[Available data]
- Opening Delimiter -

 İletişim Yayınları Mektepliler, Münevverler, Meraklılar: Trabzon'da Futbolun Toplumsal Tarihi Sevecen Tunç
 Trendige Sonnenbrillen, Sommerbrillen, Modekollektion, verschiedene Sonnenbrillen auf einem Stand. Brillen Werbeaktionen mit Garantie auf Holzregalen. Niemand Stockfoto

- Closing Delimiter -
- Opening Delimiter -

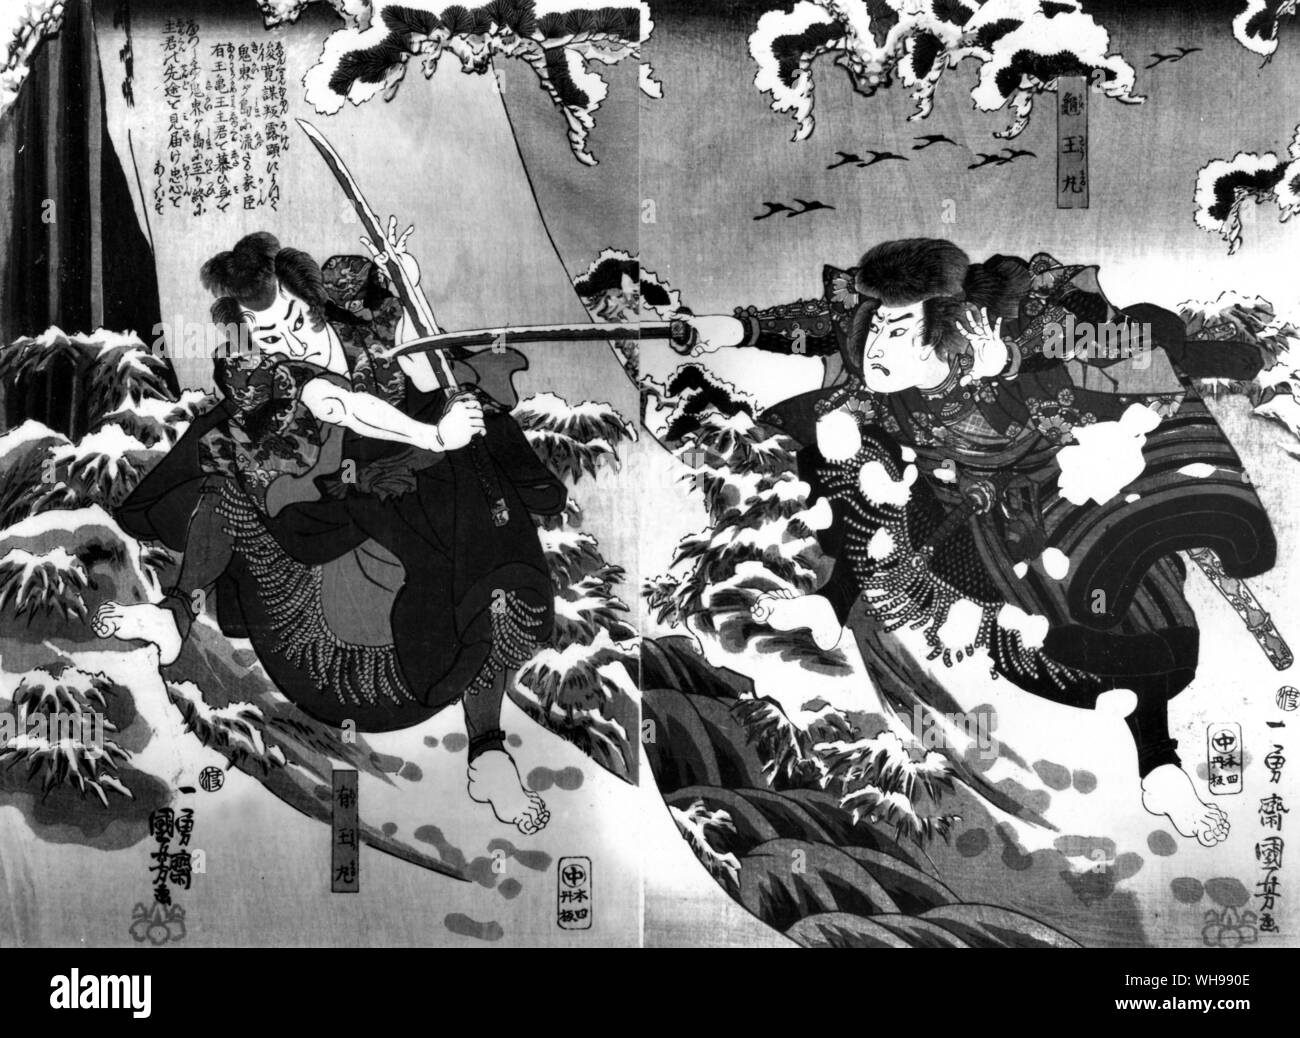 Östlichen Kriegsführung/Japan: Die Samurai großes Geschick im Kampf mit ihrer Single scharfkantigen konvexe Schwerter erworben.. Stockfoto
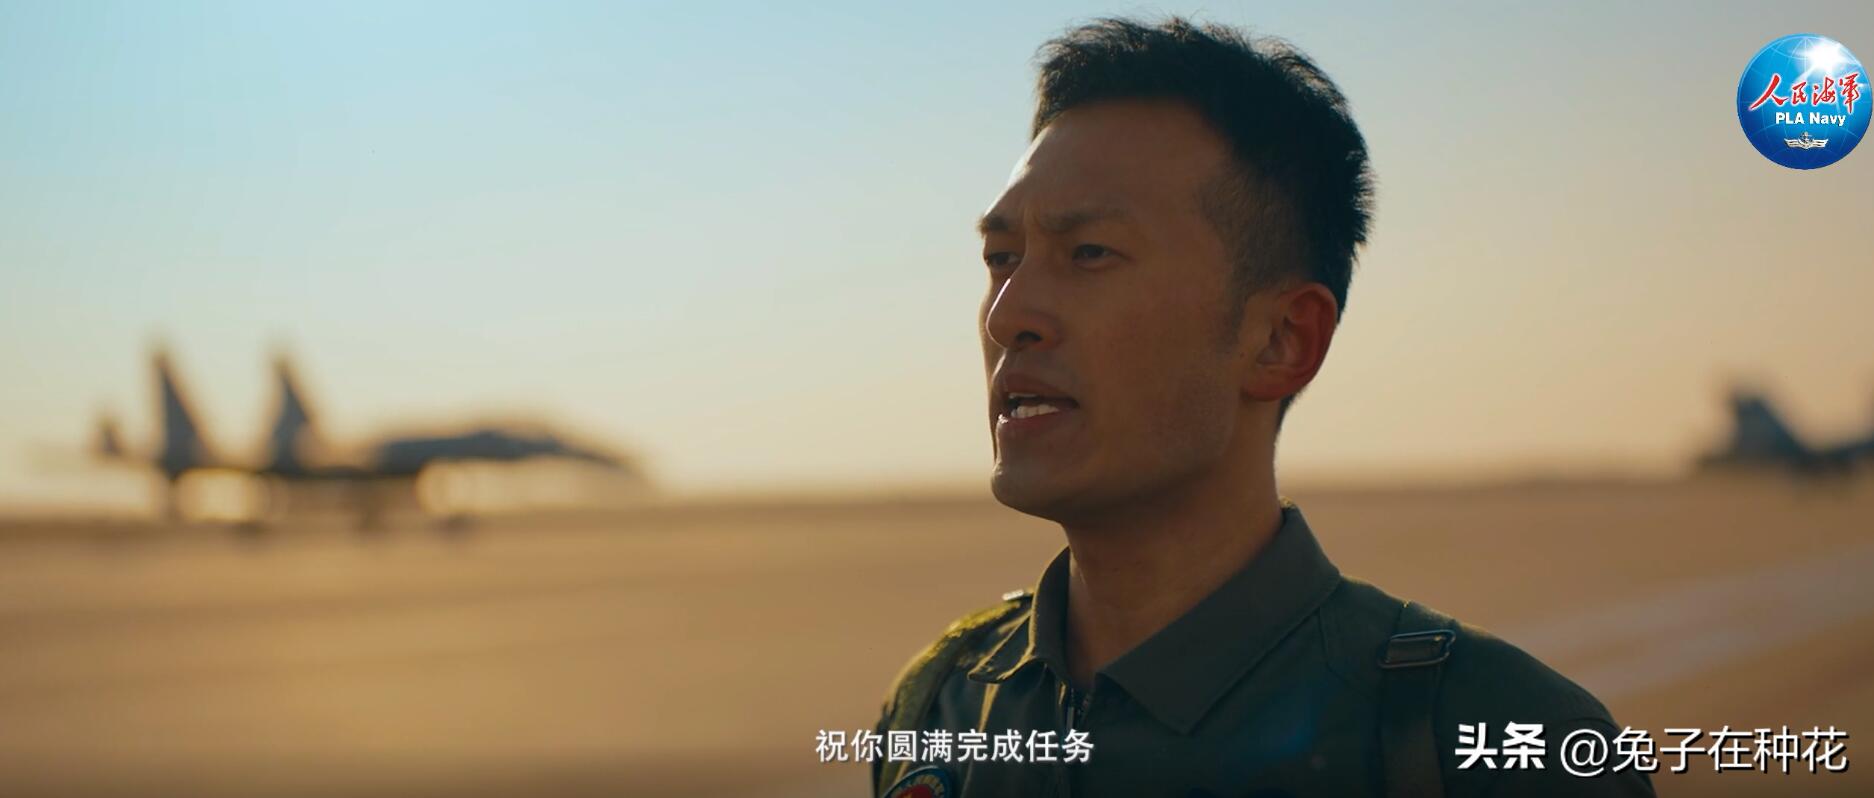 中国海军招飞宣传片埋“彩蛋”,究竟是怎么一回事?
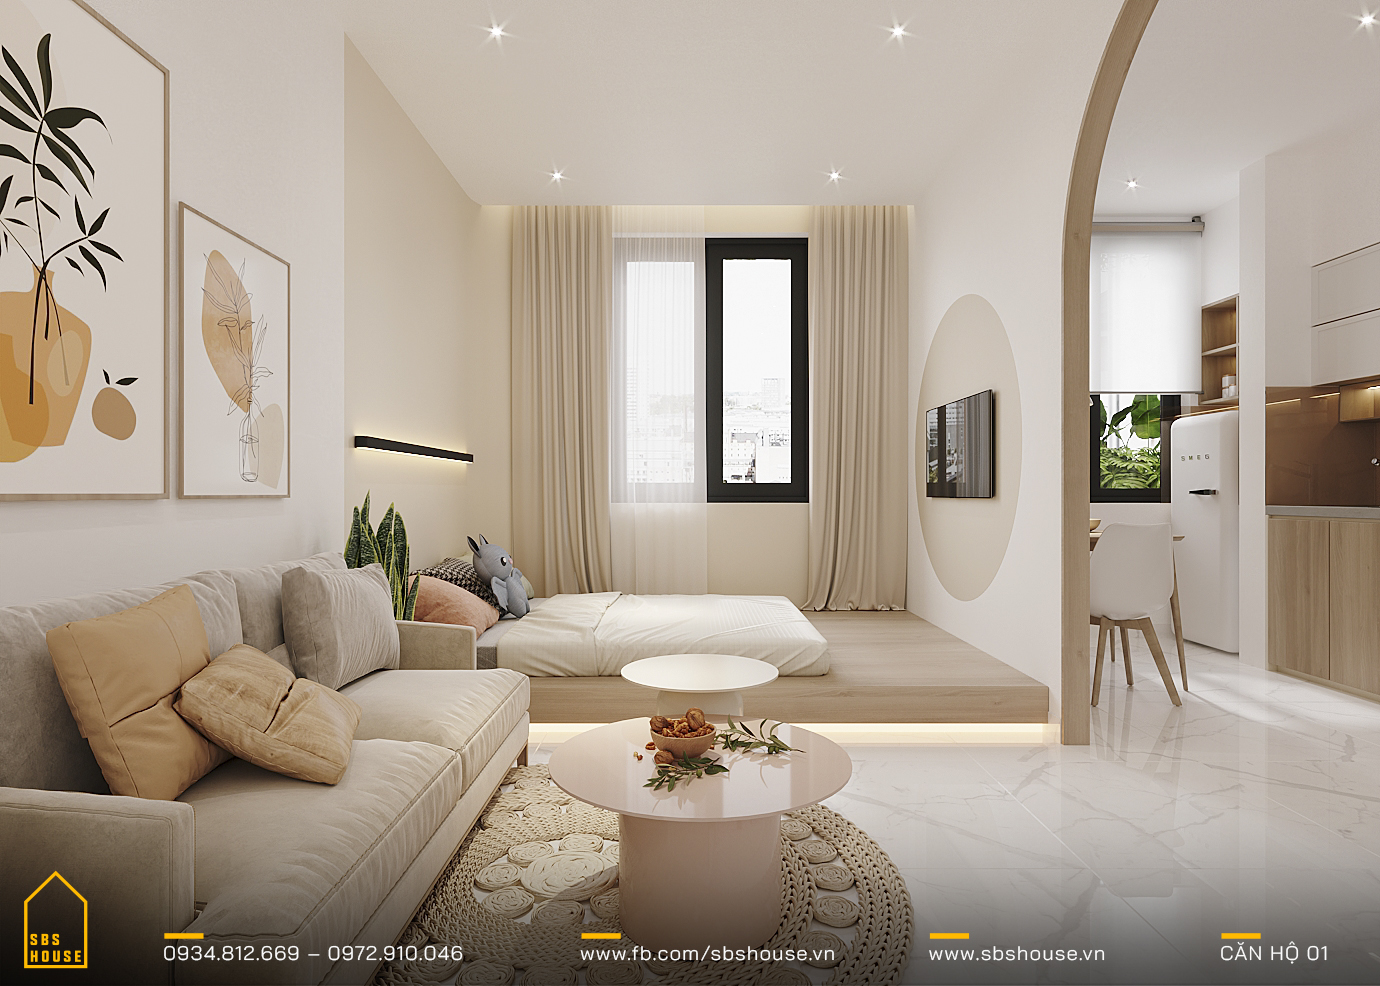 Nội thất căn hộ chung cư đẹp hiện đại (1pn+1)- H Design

- Closing Delimiter -
- Opening Delimiter -

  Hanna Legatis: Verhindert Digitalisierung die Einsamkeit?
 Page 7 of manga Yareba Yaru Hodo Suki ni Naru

- Closing Delimiter -

[Work order] Reproducing the whole listing above is not the task. Copy exactly only the lines from the one with "Tarihi Sevecen Tunç" to the one with "Holzregalen. Niemand Stockfoto", both kept.

[Solution to this exercise]
 İletişim Yayınları Mektepliler, Münevverler, Meraklılar: Trabzon'da Futbolun Toplumsal Tarihi Sevecen Tunç
 Trendige Sonnenbrillen, Sommerbrillen, Modekollektion, verschiedene Sonnenbrillen auf einem Stand. Brillen Werbeaktionen mit Garantie auf Holzregalen. Niemand Stockfoto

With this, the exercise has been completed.